▶ **TASK REQUIREMENTS**
For this exercise, return exactly the lines of the material below that begin at the one with "السعودية تدين إطلاق" and stop after the one with "Quels sont les bienfaits de la banane ?".

▶ **PROVIDED DATA**

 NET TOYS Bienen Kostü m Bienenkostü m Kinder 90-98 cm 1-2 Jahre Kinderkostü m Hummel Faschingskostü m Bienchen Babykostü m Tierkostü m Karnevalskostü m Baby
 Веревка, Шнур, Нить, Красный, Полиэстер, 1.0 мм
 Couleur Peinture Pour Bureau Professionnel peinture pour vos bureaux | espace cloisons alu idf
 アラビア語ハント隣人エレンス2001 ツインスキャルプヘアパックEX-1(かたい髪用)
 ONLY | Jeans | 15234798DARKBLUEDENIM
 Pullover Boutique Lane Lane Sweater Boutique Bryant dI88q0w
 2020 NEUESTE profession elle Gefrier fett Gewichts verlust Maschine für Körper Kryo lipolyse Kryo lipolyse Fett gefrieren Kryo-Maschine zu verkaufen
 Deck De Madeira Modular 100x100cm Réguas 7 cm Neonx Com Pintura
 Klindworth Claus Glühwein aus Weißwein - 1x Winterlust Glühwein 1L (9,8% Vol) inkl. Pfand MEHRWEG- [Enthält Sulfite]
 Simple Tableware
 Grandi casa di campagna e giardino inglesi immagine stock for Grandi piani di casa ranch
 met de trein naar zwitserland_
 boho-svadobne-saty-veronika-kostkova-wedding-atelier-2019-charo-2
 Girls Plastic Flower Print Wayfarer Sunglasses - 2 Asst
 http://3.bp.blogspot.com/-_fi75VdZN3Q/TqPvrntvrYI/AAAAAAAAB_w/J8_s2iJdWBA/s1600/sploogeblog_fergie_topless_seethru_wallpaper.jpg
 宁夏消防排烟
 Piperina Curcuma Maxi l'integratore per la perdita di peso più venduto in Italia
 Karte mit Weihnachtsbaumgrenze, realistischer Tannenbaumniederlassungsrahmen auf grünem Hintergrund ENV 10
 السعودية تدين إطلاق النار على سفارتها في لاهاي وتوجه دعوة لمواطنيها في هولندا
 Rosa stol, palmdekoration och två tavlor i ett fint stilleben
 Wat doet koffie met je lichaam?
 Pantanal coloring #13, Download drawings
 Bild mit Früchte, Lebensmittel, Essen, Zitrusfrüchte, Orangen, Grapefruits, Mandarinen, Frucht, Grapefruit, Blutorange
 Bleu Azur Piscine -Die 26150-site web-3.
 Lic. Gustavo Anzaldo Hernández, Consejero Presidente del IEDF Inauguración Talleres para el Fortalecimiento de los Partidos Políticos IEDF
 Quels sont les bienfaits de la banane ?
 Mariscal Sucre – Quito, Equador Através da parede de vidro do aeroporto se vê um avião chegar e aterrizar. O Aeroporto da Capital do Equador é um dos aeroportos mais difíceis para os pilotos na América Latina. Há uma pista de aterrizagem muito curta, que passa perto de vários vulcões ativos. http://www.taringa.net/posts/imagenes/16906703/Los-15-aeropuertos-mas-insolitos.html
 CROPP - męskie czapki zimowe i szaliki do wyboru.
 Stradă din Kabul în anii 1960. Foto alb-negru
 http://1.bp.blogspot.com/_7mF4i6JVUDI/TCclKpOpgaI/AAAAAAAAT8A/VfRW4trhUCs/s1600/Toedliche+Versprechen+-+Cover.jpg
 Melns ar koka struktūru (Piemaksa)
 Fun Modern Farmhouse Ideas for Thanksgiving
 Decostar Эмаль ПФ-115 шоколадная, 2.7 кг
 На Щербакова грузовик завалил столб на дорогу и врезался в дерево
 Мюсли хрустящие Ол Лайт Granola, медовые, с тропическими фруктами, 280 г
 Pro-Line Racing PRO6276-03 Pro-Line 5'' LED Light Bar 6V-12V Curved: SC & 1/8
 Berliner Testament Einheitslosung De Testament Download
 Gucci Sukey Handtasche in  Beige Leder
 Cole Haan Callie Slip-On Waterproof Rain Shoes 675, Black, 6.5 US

▶ **TASK RESULT**
 السعودية تدين إطلاق النار على سفارتها في لاهاي وتوجه دعوة لمواطنيها في هولندا
 Rosa stol, palmdekoration och två tavlor i ett fint stilleben
 Wat doet koffie met je lichaam?
 Pantanal coloring #13, Download drawings
 Bild mit Früchte, Lebensmittel, Essen, Zitrusfrüchte, Orangen, Grapefruits, Mandarinen, Frucht, Grapefruit, Blutorange
 Bleu Azur Piscine -Die 26150-site web-3.
 Lic. Gustavo Anzaldo Hernández, Consejero Presidente del IEDF Inauguración Talleres para el Fortalecimiento de los Partidos Políticos IEDF
 Quels sont les bienfaits de la banane ?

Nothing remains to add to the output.